About offloading descriptor:

The details of the descriptor are explained with more detail in http://goo.gl/L1rnKJ. Basically the descriptor will have fields that specify the number of devices, the pointers to where the device images begin and end (that will be defined by the linker), and also pointers to a the begin and end of table whose entries contain information about a specific entry point. Each entry has the type:
```
struct __tgt_offload_entry{
 void *addr;
 char *name;
 int64_t size;
};
```  
and will be implemented in a pre determined (ELF) section `.omp_offloading.entries` with 1-byte alignment, so that when all the objects are linked, the table is in that section with no padding in between entries (will be like a C array). The code generation ensures that all `__tgt_offload_entry` entries are emitted in the same order for both host and device so that the runtime can have the corresponding entries in both host and device in same index of the table, and efficiently implement the mapping.

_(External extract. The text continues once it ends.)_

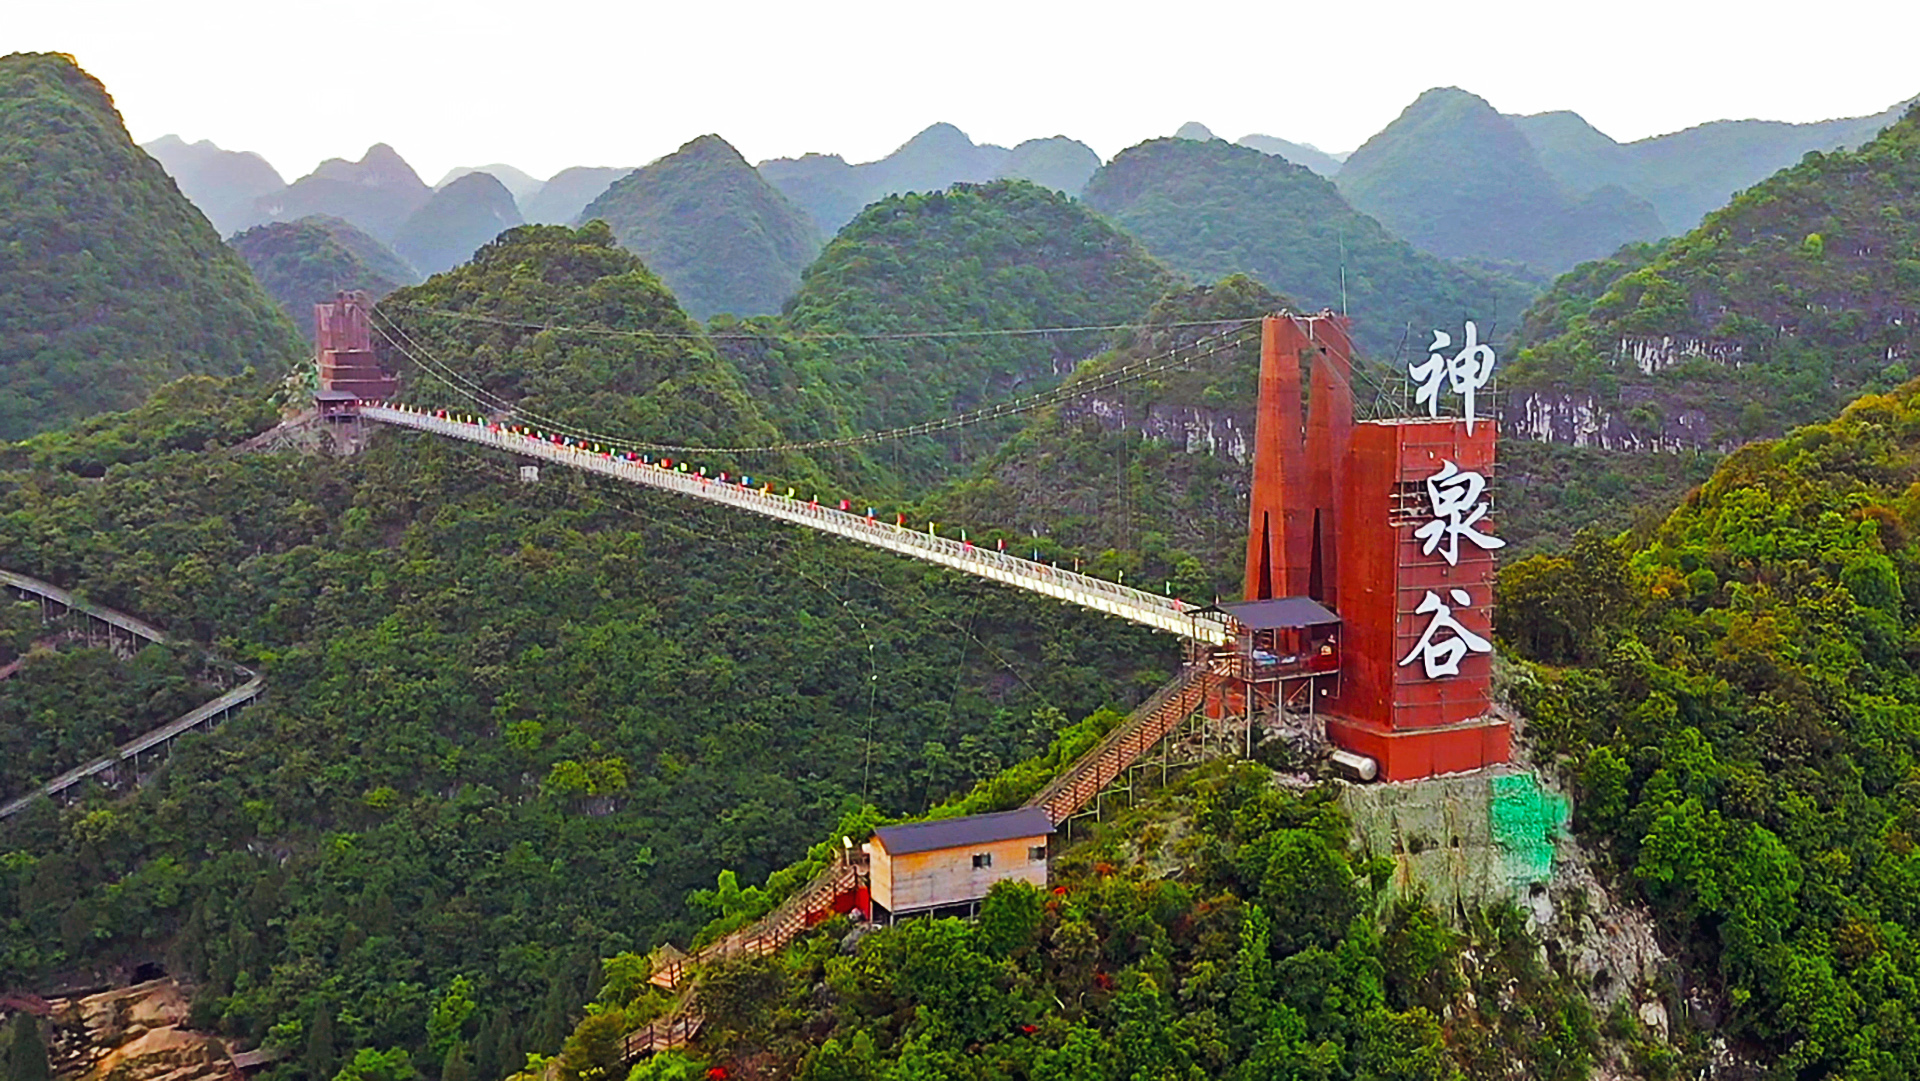 贵州长顺县有个玻璃桥,天桥与苍翠的山谷互相辉映,宛如仙境

The resulting descriptor is registered/unregistered with the runtime library using the calls `__tgt_register_lib` and `__tgt_unregister_lib`. The registration is implemented in a high priority global initializer so that the registration happens always before any initializer (that can potentially include target regions) is run.

The driver flag -omptargets= was created to specify a comma separated list of devices the user wants to support so that the new functionality can be exercised. Each device is specified with its triple.


About target codegen:

The target codegen is pretty much straightforward as it reuses completely the logic of the host version for the same target region. The tricky part is to identify the meaningful target regions in the device side. Unlike other programming models, like CUDA, there are no already outlined functions with attributes that mark what should be emitted or not. So, the information on what to emit is passed in the form of metadata in host bc file. This requires a new option to pass the host bc to the device frontend. Then everything is similar to what happens in CUDA: the global declarations emission is intercepted to check to see if it is an "interesting" declaration. The difference is that instead of checking an attribute, the metadata information in checked. Right now, there is only a form of metadata to pass information about the device entry points (target regions). A class `OffloadEntriesInfoManagerTy` was created to manage all the information and queries related with the metadata. The metadata looks like this:
```
!omp_offload.info = !{!0, !1, !2, !3, !4, !5, !6}

!0 = !{i32 0, i32 52, i32 77426347, !"_ZN2S12r1Ei", i32 479, i32 13, i32 4}
!1 = !{i32 0, i32 52, i32 77426347, !"_ZL7fstatici", i32 461, i32 11, i32 5}
!2 = !{i32 0, i32 52, i32 77426347, !"_Z9ftemplateIiET_i", i32 444, i32 11, i32 6}
!3 = !{i32 0, i32 52, i32 77426347, !"_Z3fooi", i32 99, i32 11, i32 0}
!4 = !{i32 0, i32 52, i32 77426347, !"_Z3fooi", i32 272, i32 11, i32 3}
!5 = !{i32 0, i32 52, i32 77426347, !"_Z3fooi", i32 127, i32 11, i32 1}
!6 = !{i32 0, i32 52, i32 77426347, !"_Z3fooi", i32 159, i32 11, i32 2}
```
The fields in each metadata entry are (in sequence):
Entry 1) an ID of the type of metadata - right now only zero is used meaning "OpenMP target region".
Entry 2) a unique ID of the device where the input source file that contain the target region lives. 
Entry 3) a unique ID of the file where the input source file that contain the target region lives. 
Entry 4) a mangled name of the function that encloses the target region.
Entries 5) and 6) line and column number where the target region was found.
Entry 7) is the order the entry was emitted.

Entry 2) and 3) are required to distinguish files that have the same function name.
Entry 4) is required to distinguish different instances of the same declaration (usually templated ones)
Entries 5) and 6) are required to distinguish the particular target region in body of the function (it is possible that a given target region is not an entry point - if clause can evaluate always to zero - and therefore we need to identify the "interesting" target regions. )

This patch replaces http://reviews.llvm.org/D12306.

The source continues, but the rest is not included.